Dinner
- Year
- 2021
- Medium
- oil/paper
- Dimensions
- 40x30
- Series
- Therapy Project
In this work, dinner becomes not an everyday scene, but an image of a person being absorbed into someone else’s system. The small pale figure is placed at the bottom of the composition, almost like a guest who has already been invited — though it remains unclear whether to the table, or into the mechanism of consumption itself. The large fields of color around her resemble figures, silhouettes, or looming bodies. They are not depicted literally, but they create the sense of a community that is larger and stronger than the individual. This space does not feel open; rather, it closes in around the heroine, draws her into itself, and turns dinner into an anxious ritual of belonging.
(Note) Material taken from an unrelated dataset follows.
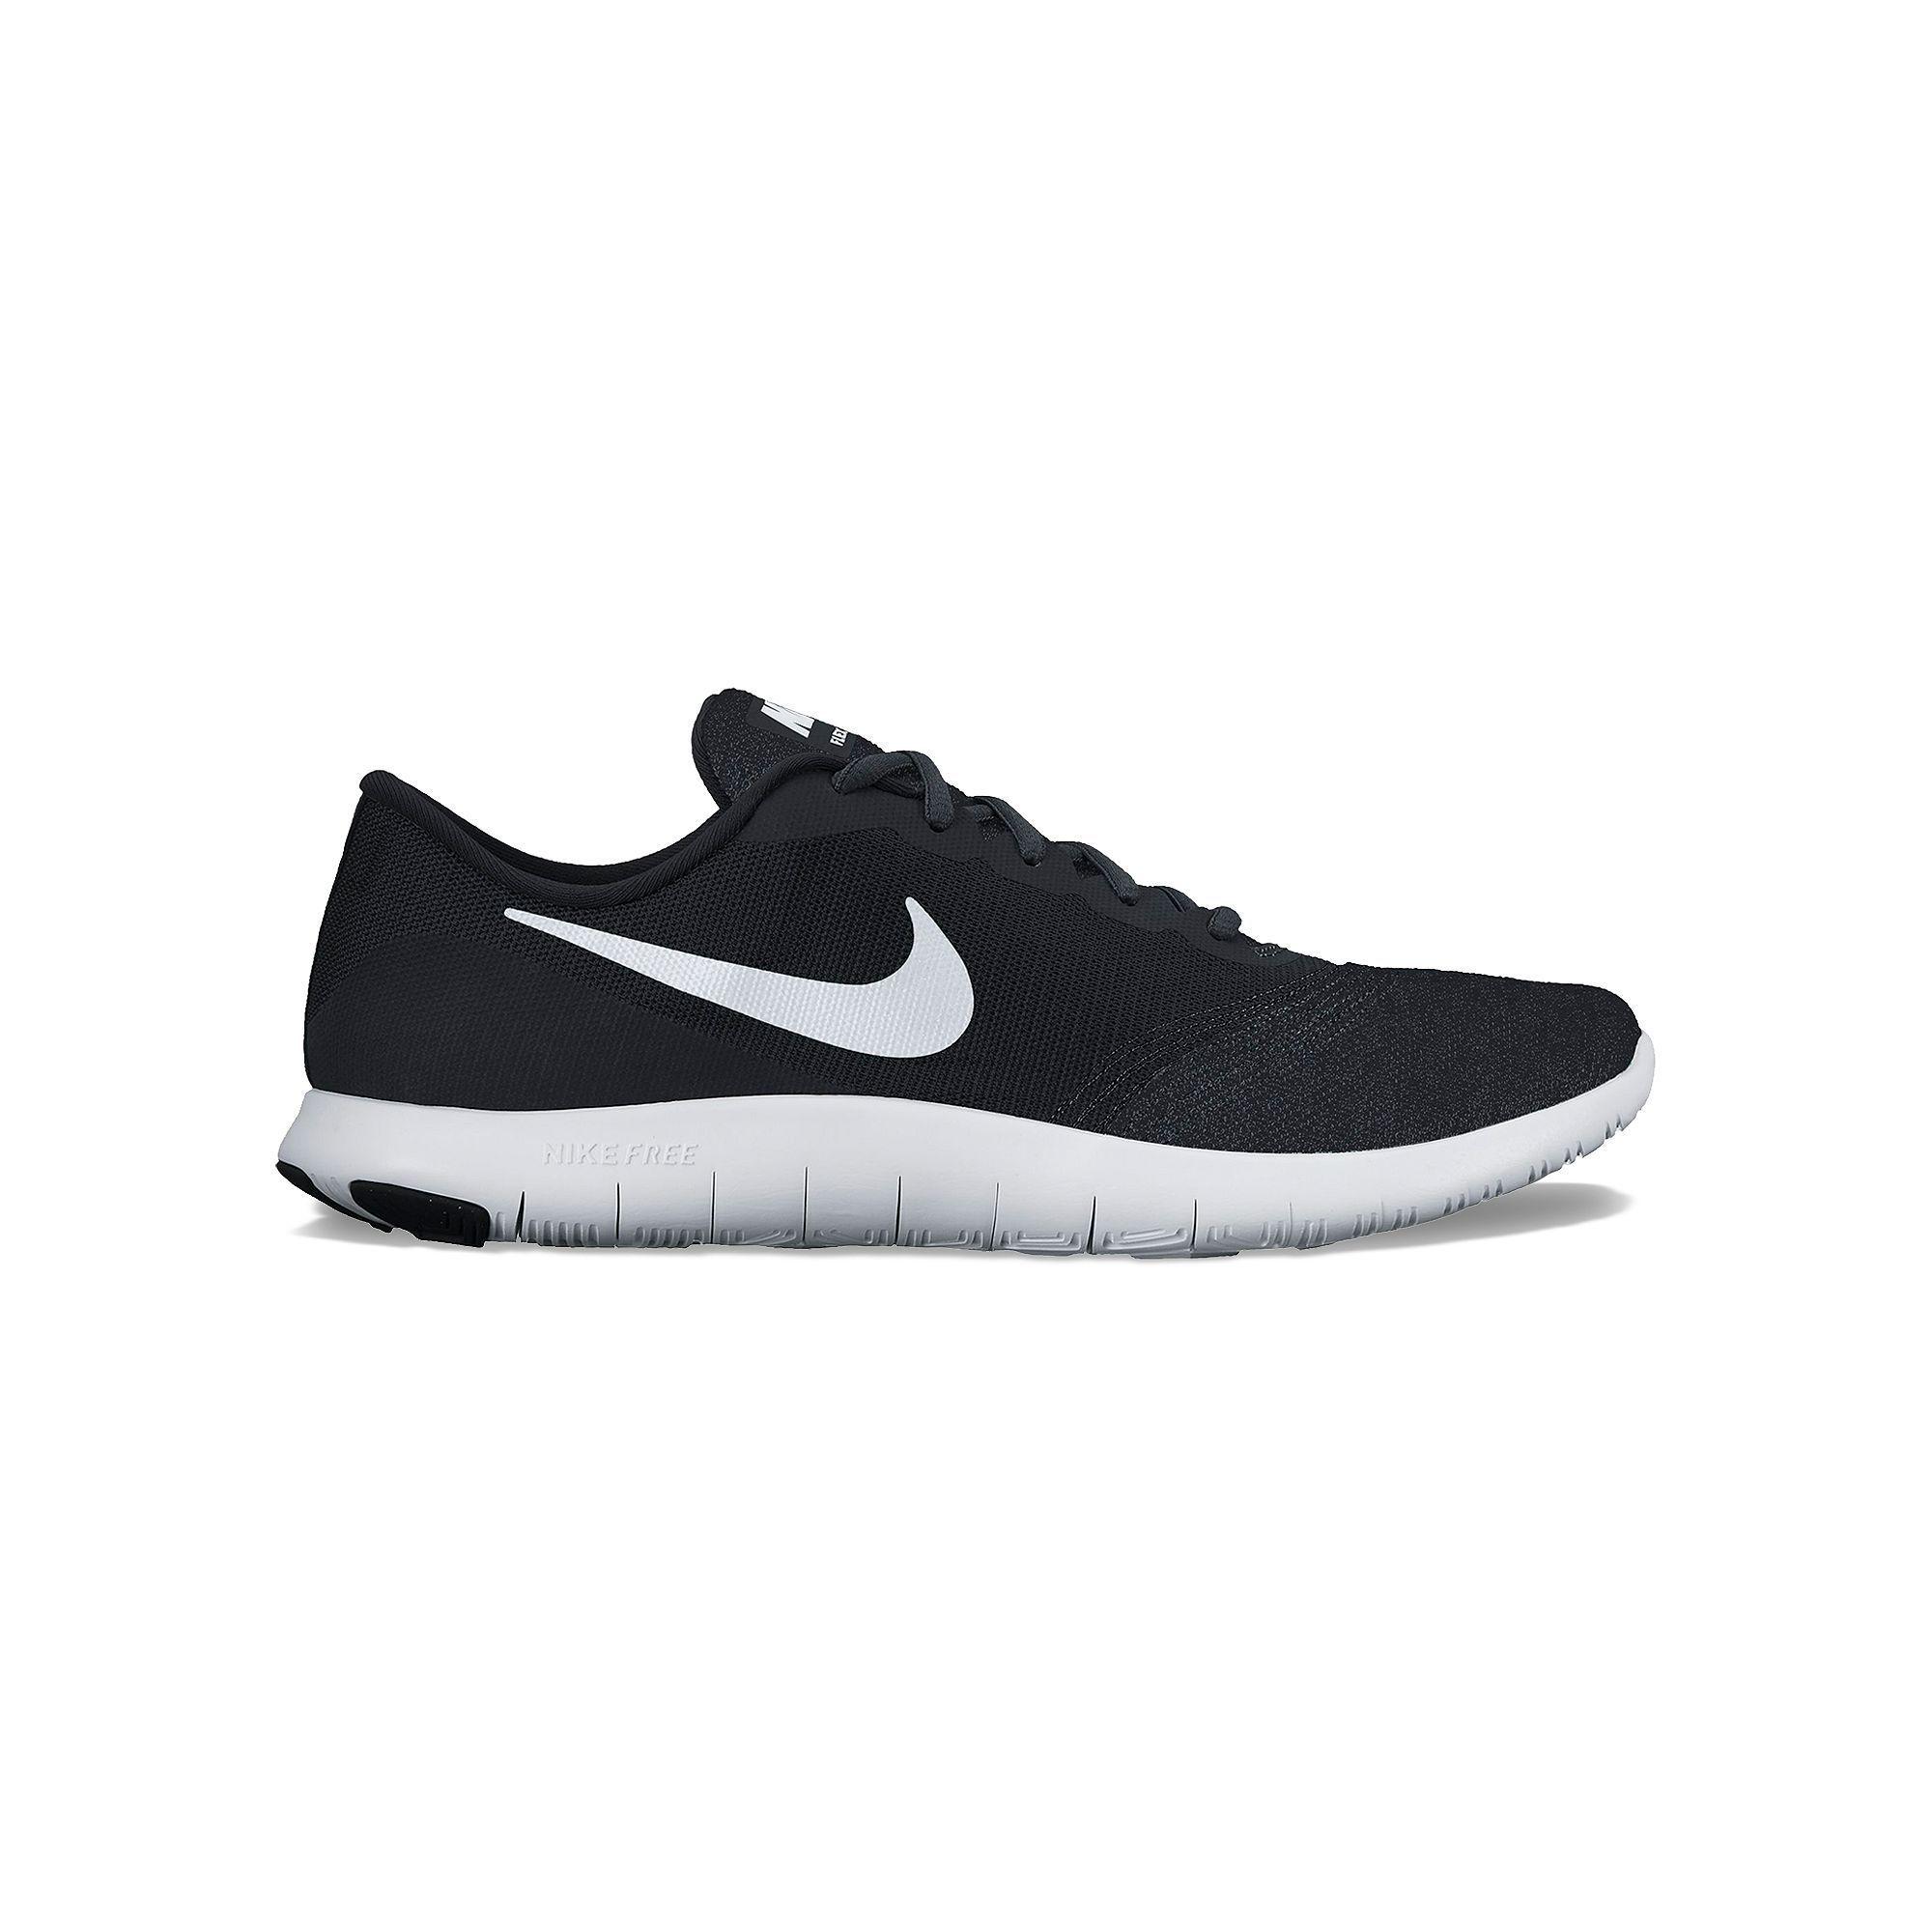 Nike Flex Contact Women s Running Shoes  c5dbf088ef

The title “Dinner” can be understood here as a metaphor for social exchange: a person finds herself in a situation where she seems to be accepted, yet at the same time appropriated. The boundary between hospitality and absorption becomes unstable. It may look like a scene of encounter, but there is no lightness in it — only a sense of pressure, dependence, and the need to occupy an assigned place. The contrast between the small pale figure and the heavy surrounding forms intensifies the central theme of the work: being part of a group does not always mean being protected. Sometimes it means finding oneself inside someone else’s rules, expectations, and roles, where one’s body and presence no longer belong only to oneself.